I think I still have the rope burns from that damn 1/8" cord!
posted 07-24-2007 02:34 PM ET (US)
One of the best features of my 1985 140 Johnson V4 on my 18 Outrage that I recently used -- the emergency pull start rope. Just last weekend I got to the boat ramp ready to go out for a nice afternoon cruise only to find my battery too low to engage the fly wheel. Pulled out the emergency pull start rope, wrapped it around the flywheel, flipped the red lever up on the fuel enricher and yanked. One pull was all it took and I was out cruising.
On and off I have entertained the idea of upgrading this 22 year old motor on the Outrage for something newer and more fuel efficient and less smokey but this motor's delightful simplicity keeps getting in the way of that. ;)
posted 07-24-2007 07:58 PM ET (US)
My advice is to take your wife out to somewhere very special. If that had happened to me and my wife I would have been shark chum;)
posted 07-25-2007 01:39 AM ET (US)
After she paddled the boat now she wants to join the local Oar and Paddle club - go figure! There isn't a week that goes by that she doesn't come up with something!
posted 07-25-2007 09:08 AM ET (US)
On the North Channel Rendezvous in 2004 I pull started my Evinrude 90 for the second half of the trip. The bolts on my Starter sheared off for some reason and that was it. I disconnected the electrical to the starter & threw it in my dry cooler.
It took me a couple of days to get it down to a science (Damn left hander) where I stood in the right place, got the proper foot placement for leverage. luckily I had the company of guys like Backlash & Gep (right handers) to help out and get me going. The good thing was I could still use the electric Choke feature on cool morning starts. I just had someone turn the key and hold it in while I pulled away
I thought most (especially smaller) outboards had the pull ropes stowed inside the cowling. Mine had a nice plastic envelope type holder with a snap closure.....

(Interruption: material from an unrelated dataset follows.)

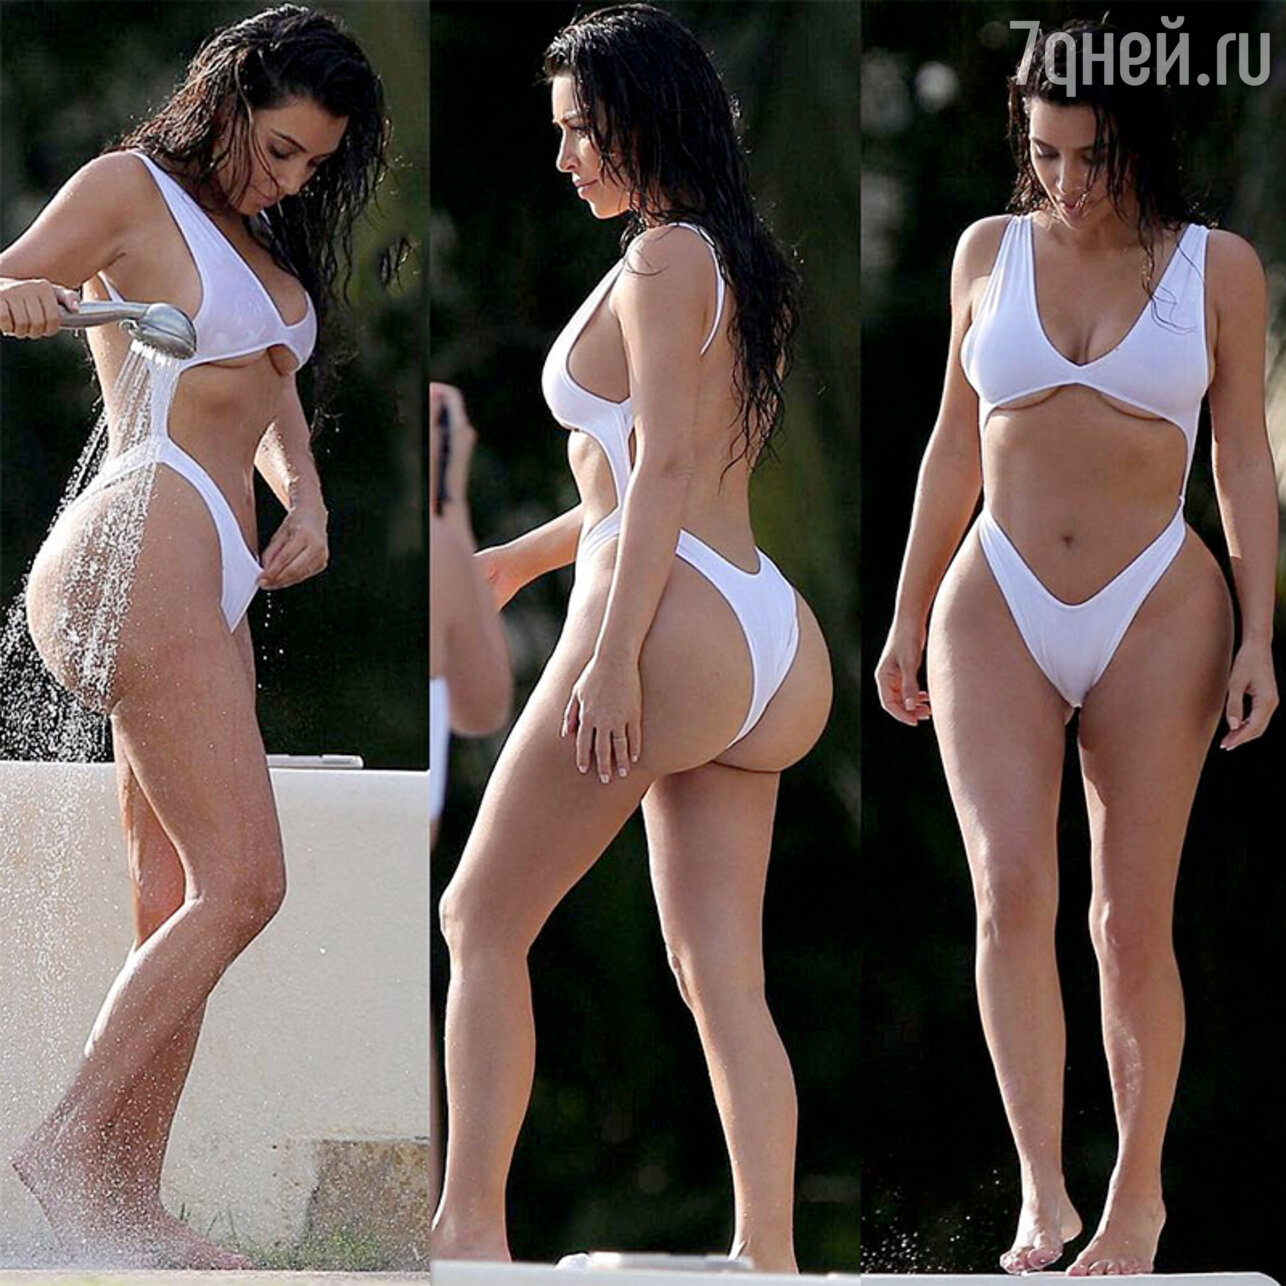 Romina Kardashian

posted 07-25-2007 09:38 AM ET (US)
My '97 Evinrude 90 does not have a pull start. Anybody know
when OMC dropped that feature on the V4s?
posted 07-25-2007 10:48 PM ET (US)
Chuck, I think my 1995 OMC TurboJet 115Hp V4 still has a notch for a pull cord. Ironically, there's a bulkhead in front of the engine so you cannot pull it in the direction it needs...
posted 07-26-2007 09:07 AM ET (US)
"Why on earth paddle?". You could ask for a jump start, borrow other boat ' s battery or kicker.
posted 07-26-2007 10:10 AM ET (US)
Buy a new battery and take the tow offer.
posted 07-26-2007 11:12 AM ET (US)
My Mercury 90 will accept a pull rope, but it's REALLY difficult to pull it.
posted 07-30-2007 05:34 PM ET (US)
I had a Yamaha 40HP. There was a small rope inside the cowling ready for such an emergency.
posted 07-31-2007 05:58 PM ET (US)
Thanks guys - I just got back from Boulder and have not pulled the cover off the Yamaha to check for pull rope. Remember, I had a pull rope in my ammo can but left it home - first time ever.
As regards paddling, Why not? it was actually pretty cool. I used to row drift boats and big whitewater rafts so it was a cool thing for me especially to find out what it takes to paddle a Whaler a long distance - this one was the 13, much more difficult than I expected (great paddle on board). If I had my way I'd install oar locks but then I'd have more stuff on board. IF this were big water like Lake Michigan I'd have paddled for awhile anyway for the same reasons - but would hae certainly accepted an offer to be towed in.
The battery tested just fine, we are suspecting the trolling motor drawing lots of amps or low batt to begin with. Earlier post was accurate that not enough time was allowed to charge battery and battery shop (where purchased and who tested) explained the world of batteries to me. I am going to buy their best charger/maintenance unit.
One thing I heard from a fishin pal and battery man confirmed is full charge can take a day or more sometimes. Agree?
thanks - more coming.
posted 08-01-2007 04:08 PM ET (US)
Yep, same thing happened to me, but I accepted a tow in.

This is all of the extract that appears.